Игнатов молчит. Сам что ли не помнит, где они, и вспоминает?!
Я жду, что он сейчас пошлет меня куда подальше, но совершенно не ожидаю следующих его слов:
– Я понял. Вечером заеду, найду. Все, Агат, мне правда некогда.
Леон отключается, а еще с минуту смотрю на экран своего телефона.
Это что сейчас было? Мне же не послышалось, и Игнатов действительно сказал, что приедет вечером? Сюда? Ко мне?
«Не к тебе, Игнатова», – вторит мой внутренний голос.
Я начинаю судорожно метаться по квартире.
«Вечером заеду», – это во сколько? В 7? В 9? Или в 23.00?
Для Леона Игнатова понятие «вечер» может варьировать в диапазоне от 6 вечера до 12 ночи.

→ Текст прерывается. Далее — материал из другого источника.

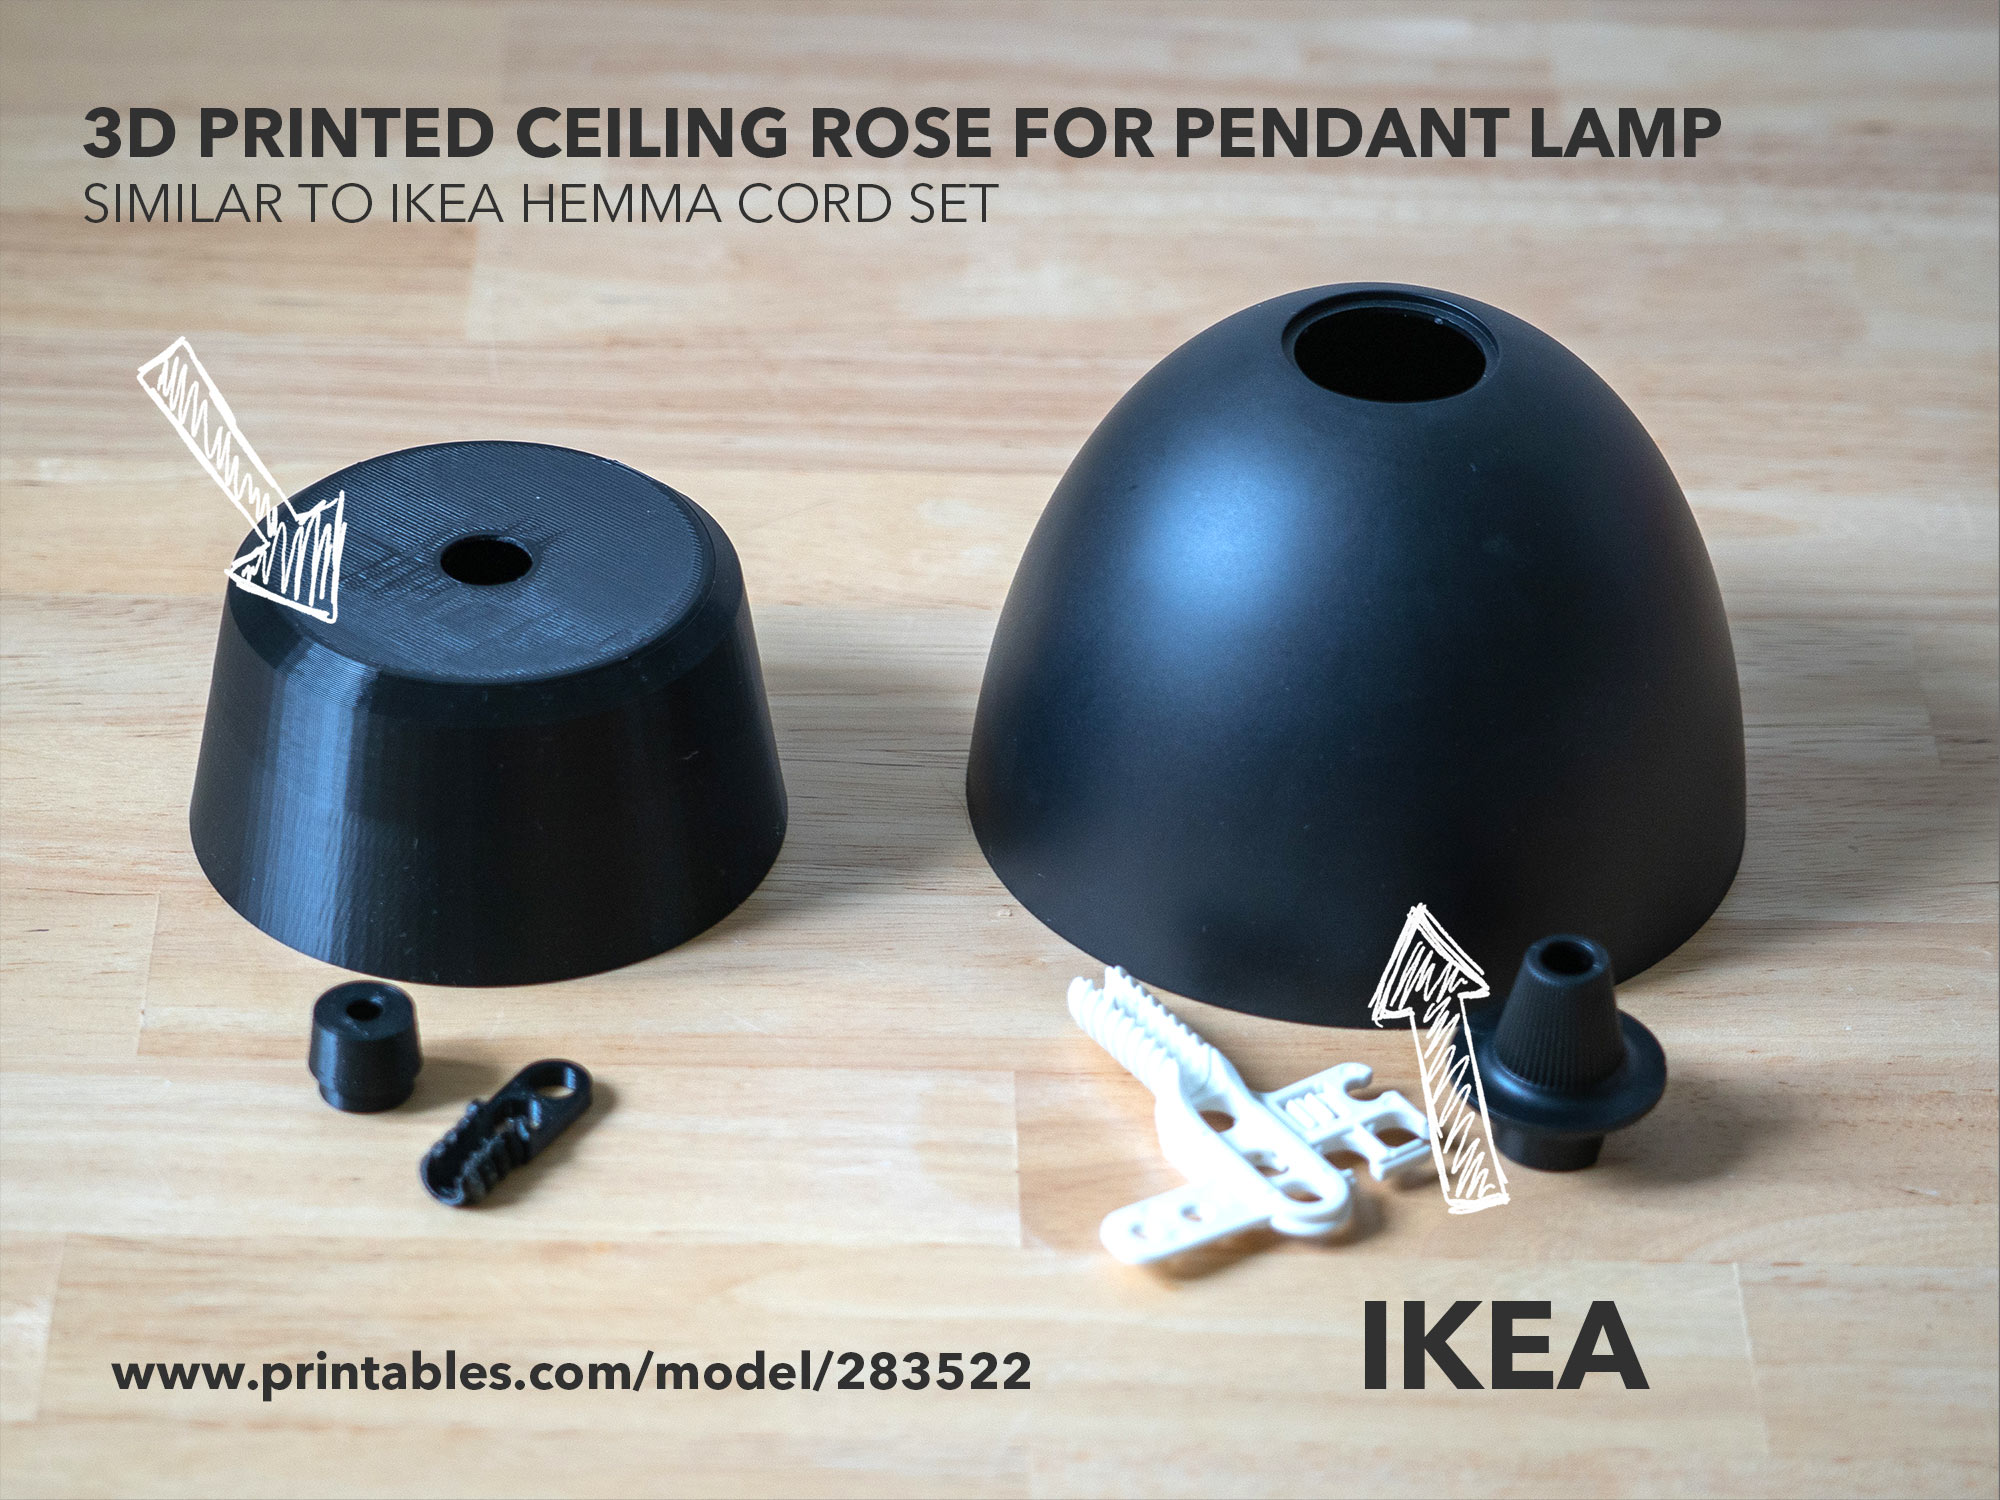 Ceiling Rose for Pendant Lamps similar to Ikea Hemma cord set
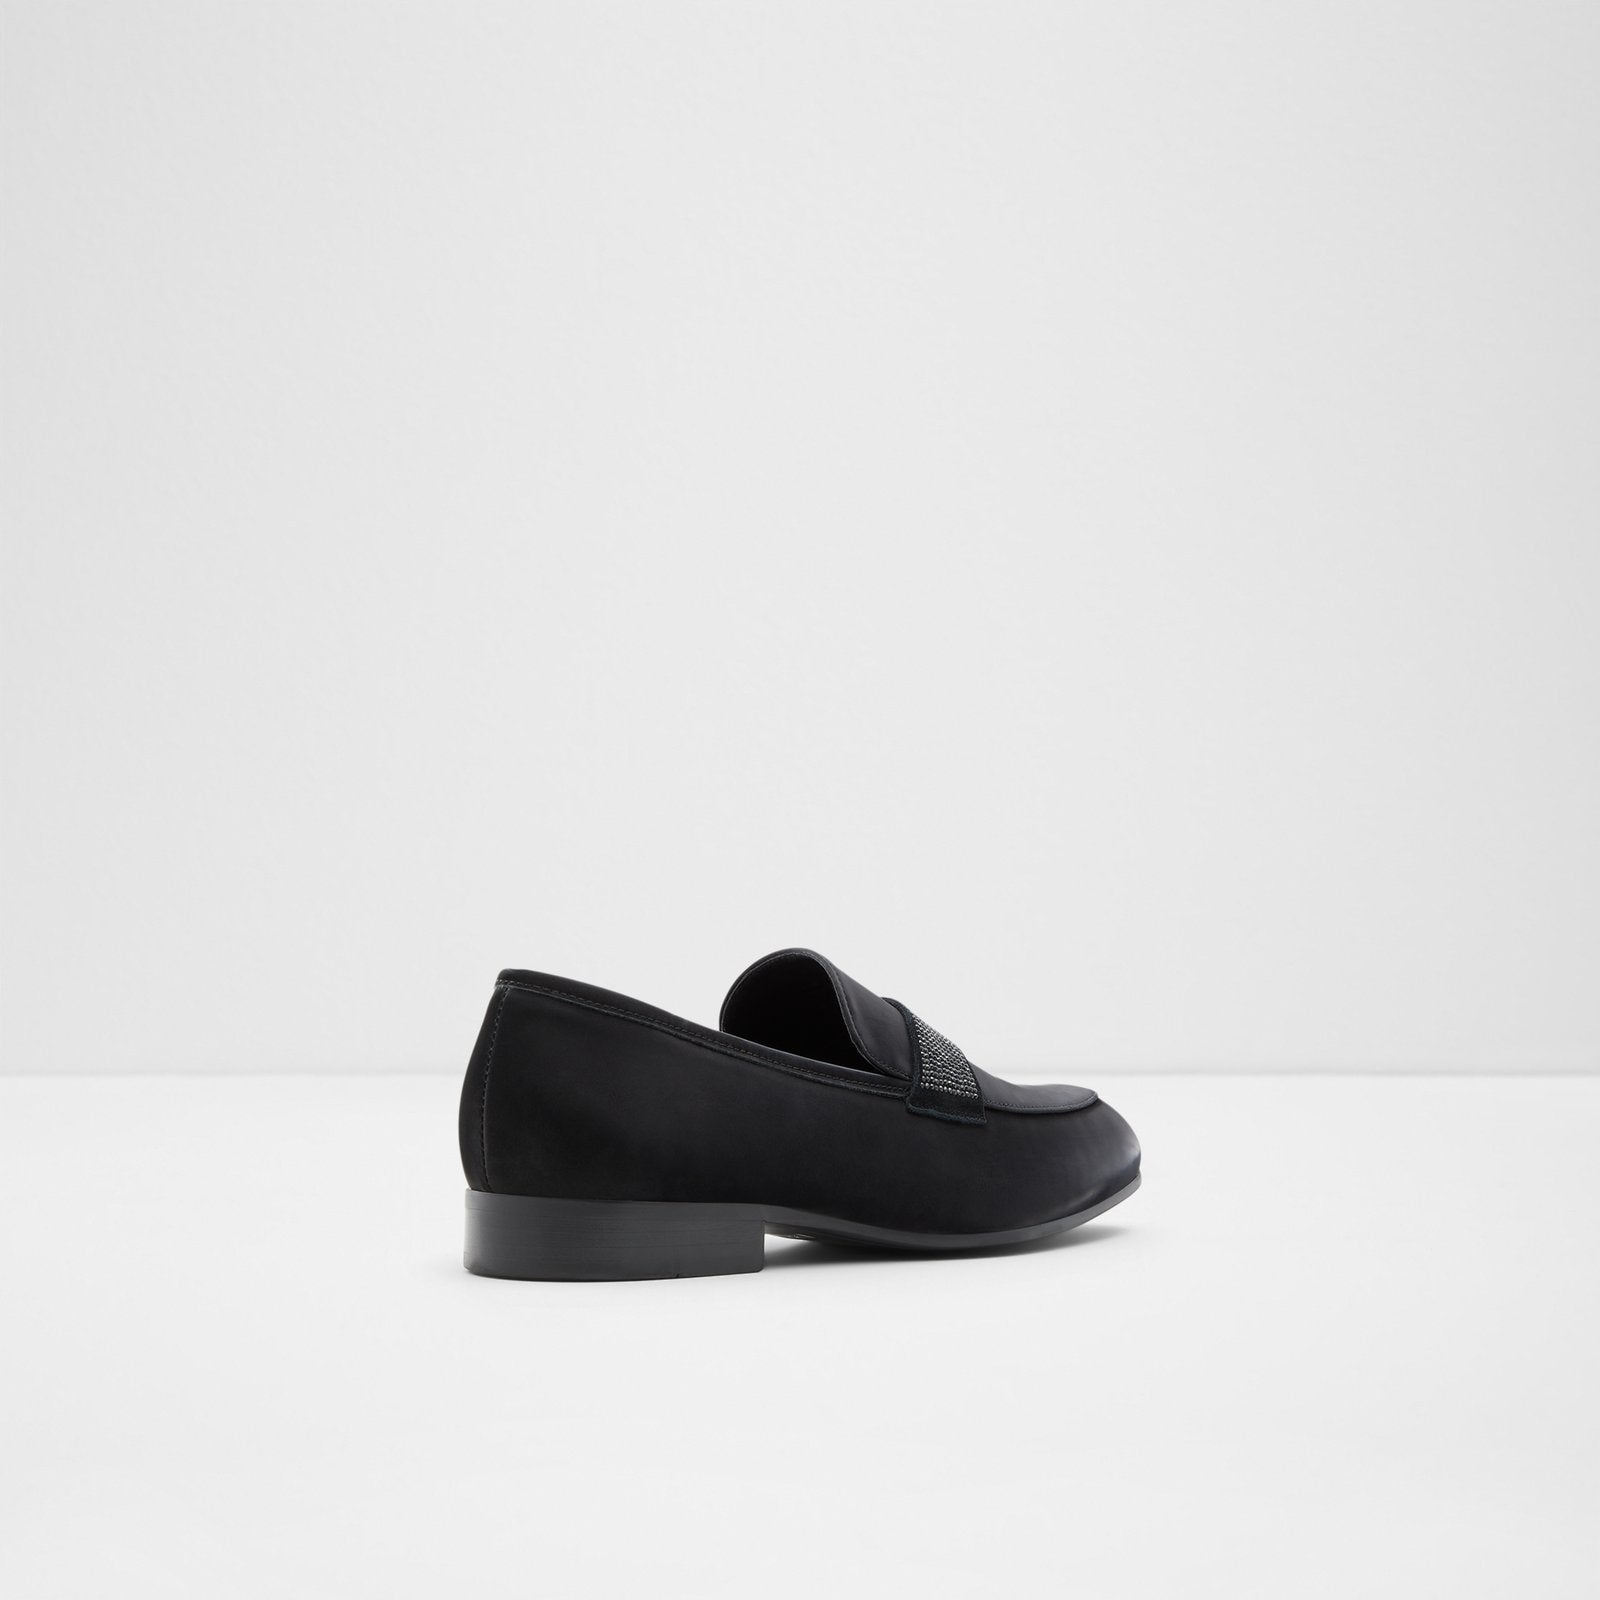 Heckels Men Shoes - Black - ALDO KSA

Я зачем-то бегу на кухню и открываю холодильник. Что я пытаюсь в нем найти, когда сама же утром провела тщательную продовольственную инспекцию? В нем стерильно, как в операционной.
Я не знаю точного обозначения моим следующим действиям, возможно это биполярное расстройство, о котором мне сообщит моя лучшая подруга-психотерапевт чуть позже, но сейчас я совершенно не даю отчет своим действиям, когда торопливо набираю маму, когда спрашиваю о том, что можно приготовить быстро и нетрудоемко. Это точно не я несусь в ближайших супермаркет за продуктами. Это всё кто-то другой, это не я…. Потому что Игнатова Агата никогда не запекала курицу с картошкой.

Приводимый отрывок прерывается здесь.